Hi, @freshfischer. I am sorry for a late reply. Anyway, this error seems like the reference file would be incompatible with our script. So could you print the shape of the reference bgl and bim files by adding the following code in line 166 of the train.align_by_name.py file. print(ref_bim.shape) print(ref_phased.shape) Thank you in advance for you try.

freshfischer commented 3 years ago

thanks a lot for your kindly reply @tatsuhikonaito , i rechecked the input .bim and .bgl.phased file of reference panel, i found the head 5 rows form of *.bgl.phased in reference panel i quoted differs from Pan-Asian-REF.bgl.phsed.

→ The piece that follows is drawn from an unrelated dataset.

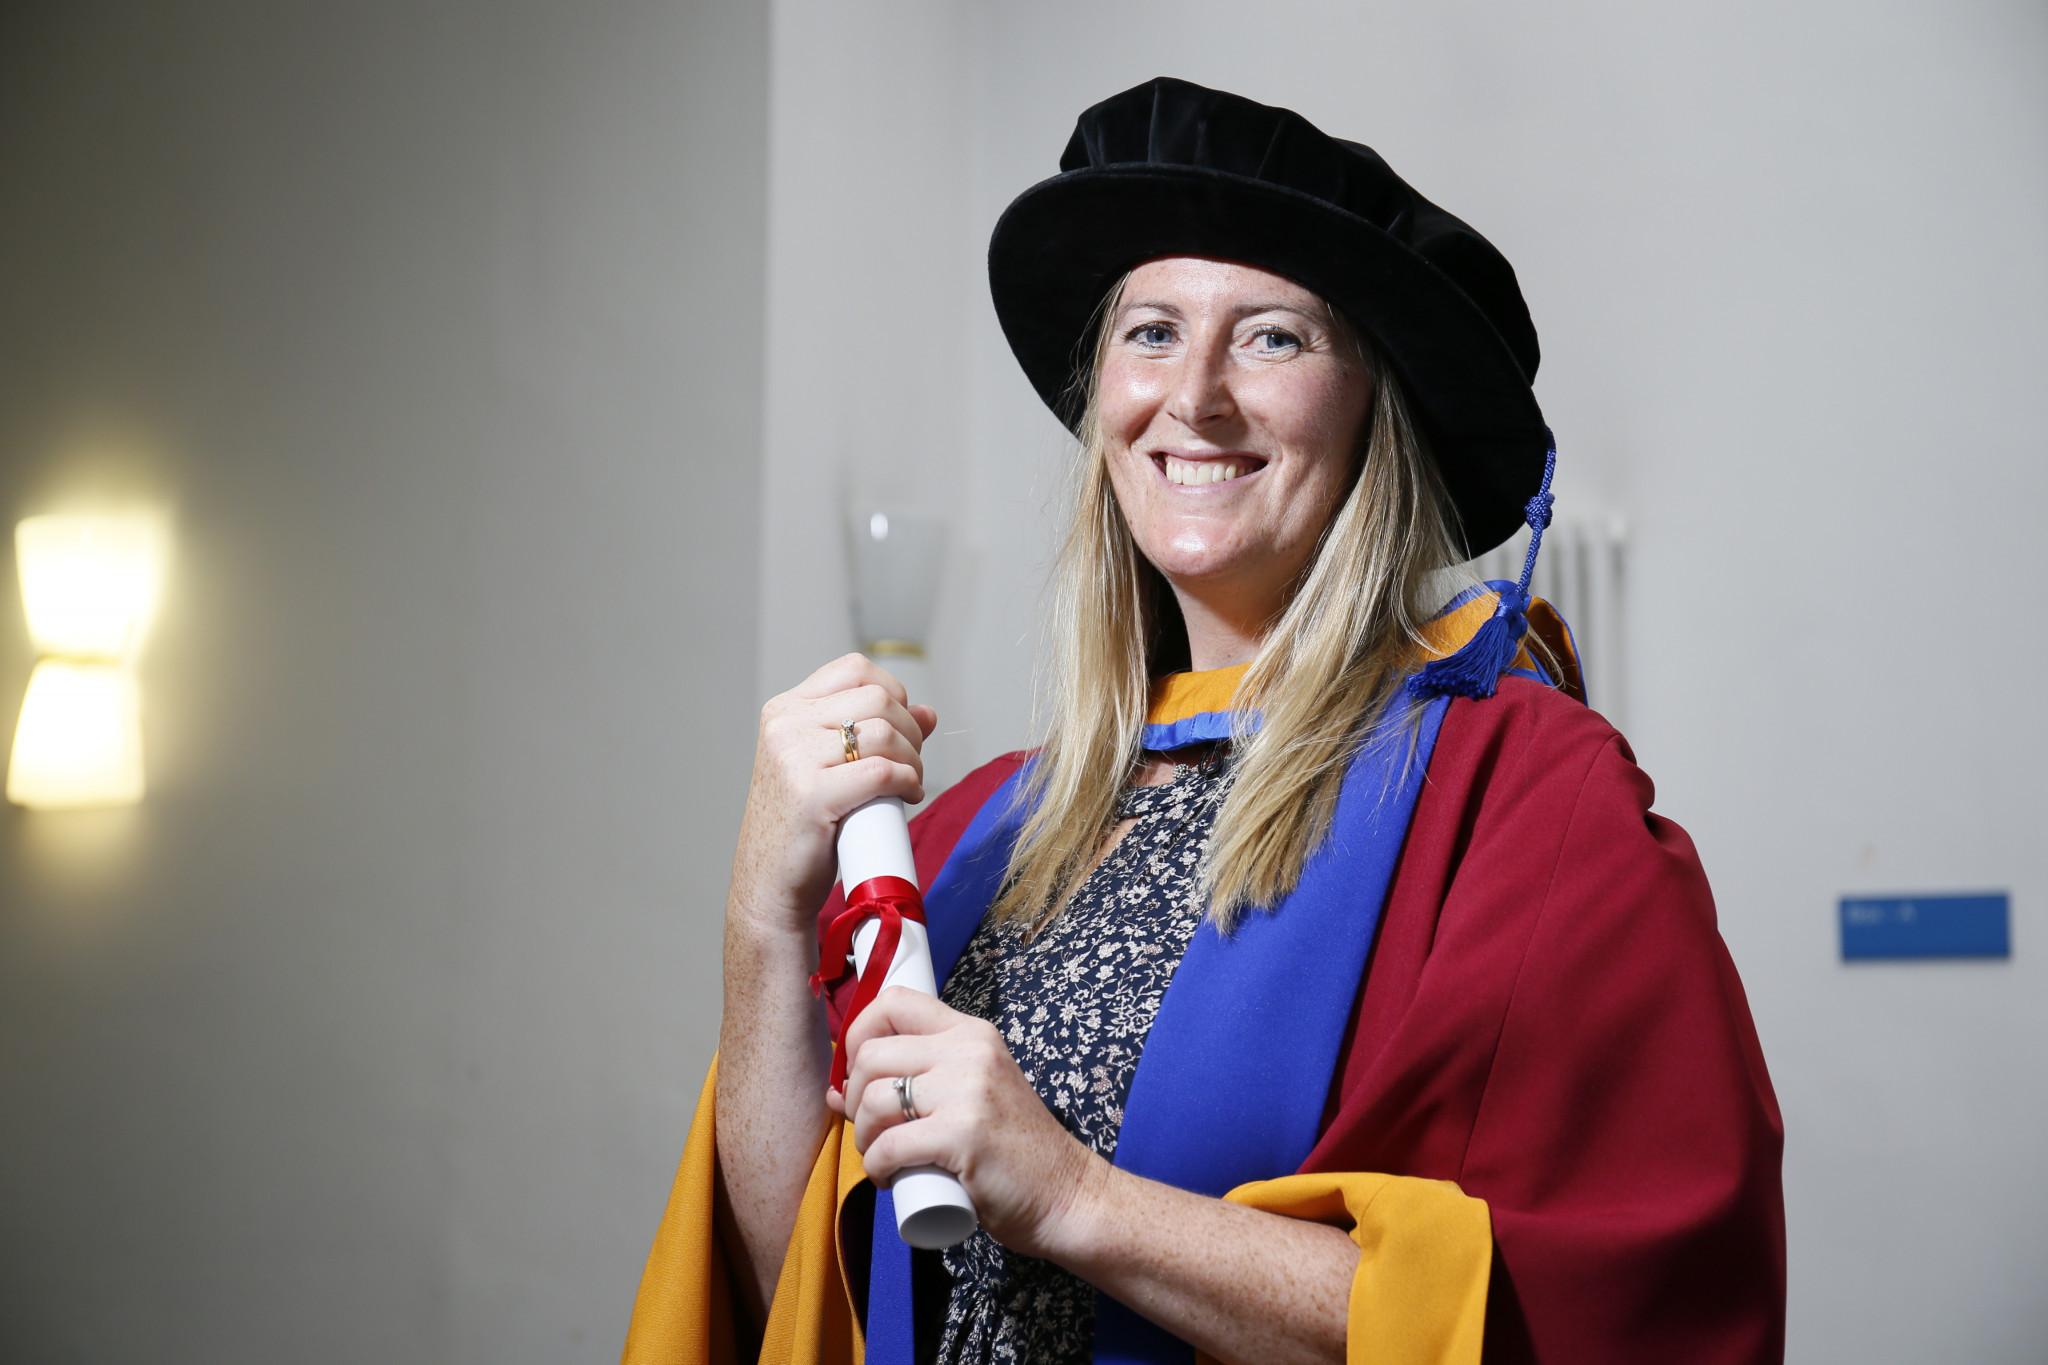 Para-rowing world champion Aggar given honorary degree by Leeds Beckett
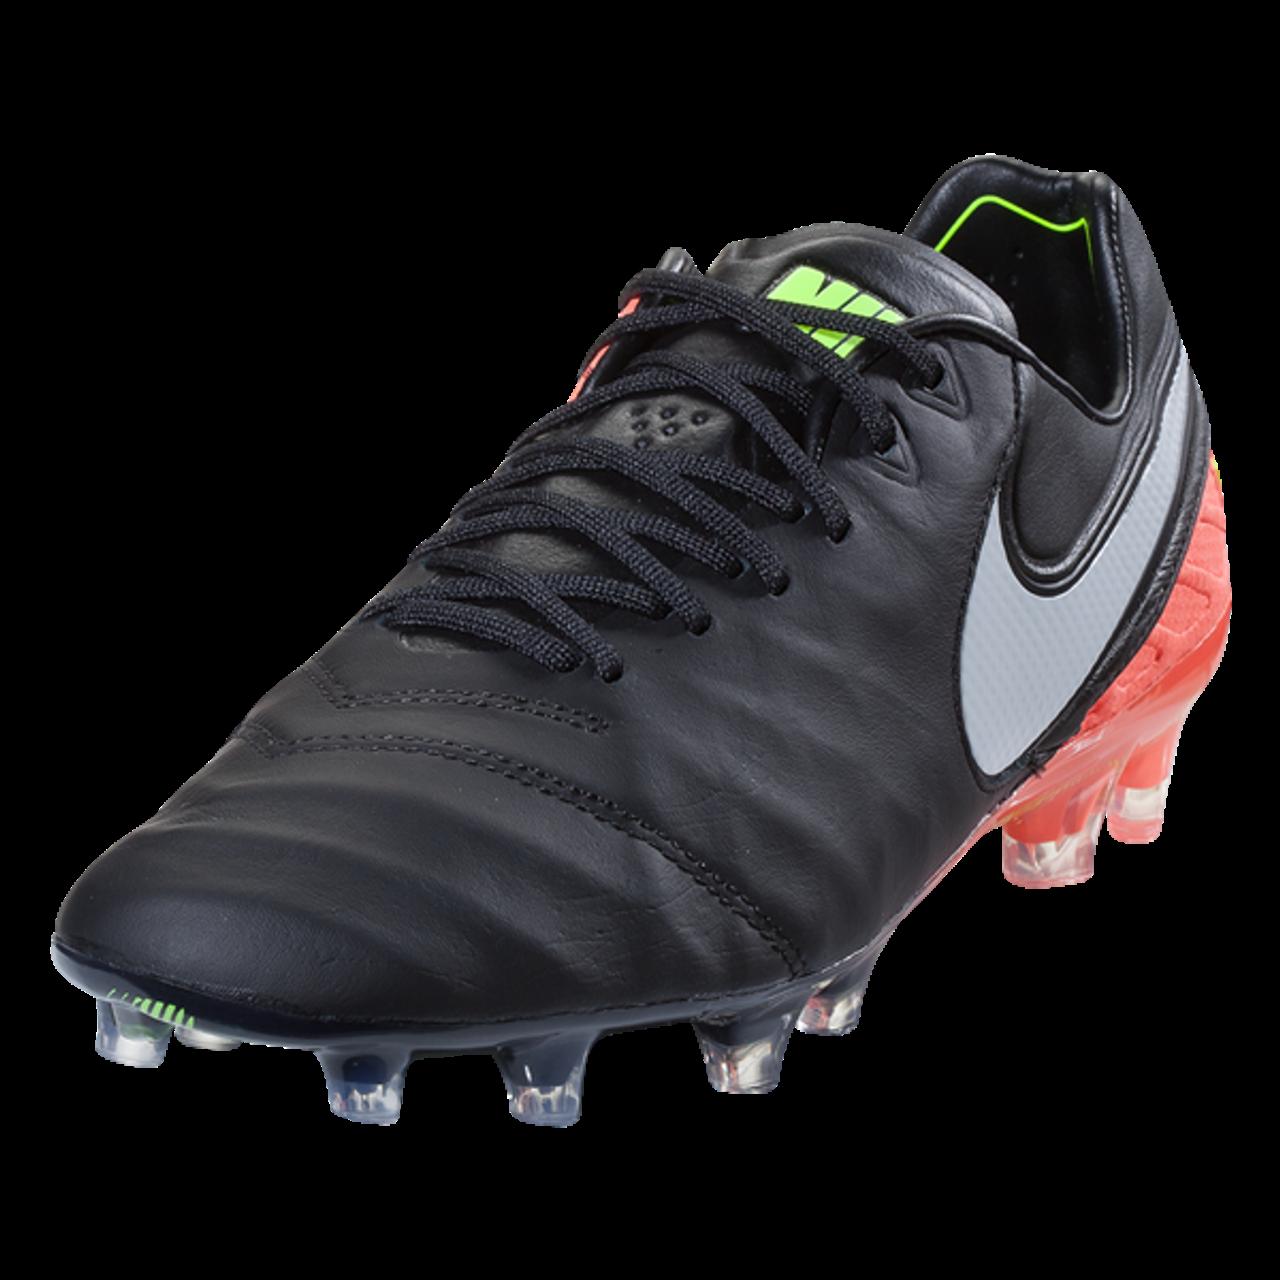 13bc83827 Nike Tiempo Legend VI FG - Black/White/Hyper Orange/Volt RC (031419) - ohp  soccer

Traning model worked when change the form to consist with Pan-Asian-REF.bgl.phsed, but error still came out as follow: `[Epoch 7]: 100%|█████████████████████████████████████████████████████████████████████████████████████████████████████████████████████████████████████| 318/318 [12:04<00:00, 1.89s/it] HLA_C training accuracy: 0.9902511239051819 HLA_B training accuracy: 0.9786311984062195 Average training accuracy: 0.9844411611557007 HLA_C validation accuracy: 0.9897003769874573 HLA_B validation accuracy: 0.9728464484214783 Average validation accuracy: 0.9812734127044678 [Epoch 8]: 4%|█████ | 12/318 [00:28<12:18, 2.41s/it] Killed

real 743m52.352s user 17087m38.958s sys 791m50.107s ` This model works well when training for smaller sample size(N=100), is this algorithm not work for large sample size(N>10000) and large SNP sites(N>20000)? or is this the limit of CPU capacity? Looking forward to your kindly reply!

tatsuhikonaito commented 3 years ago

Hi, @freshfischer. Considering that it works for a smaller size, but stops on the way for a larger size, I suspect that this error would be due to the memory limit of your machine. We may update our tool to support parallel computing in the future; but, at this point, there seems no way to solve this problem except to try using another machine. I'm sorry.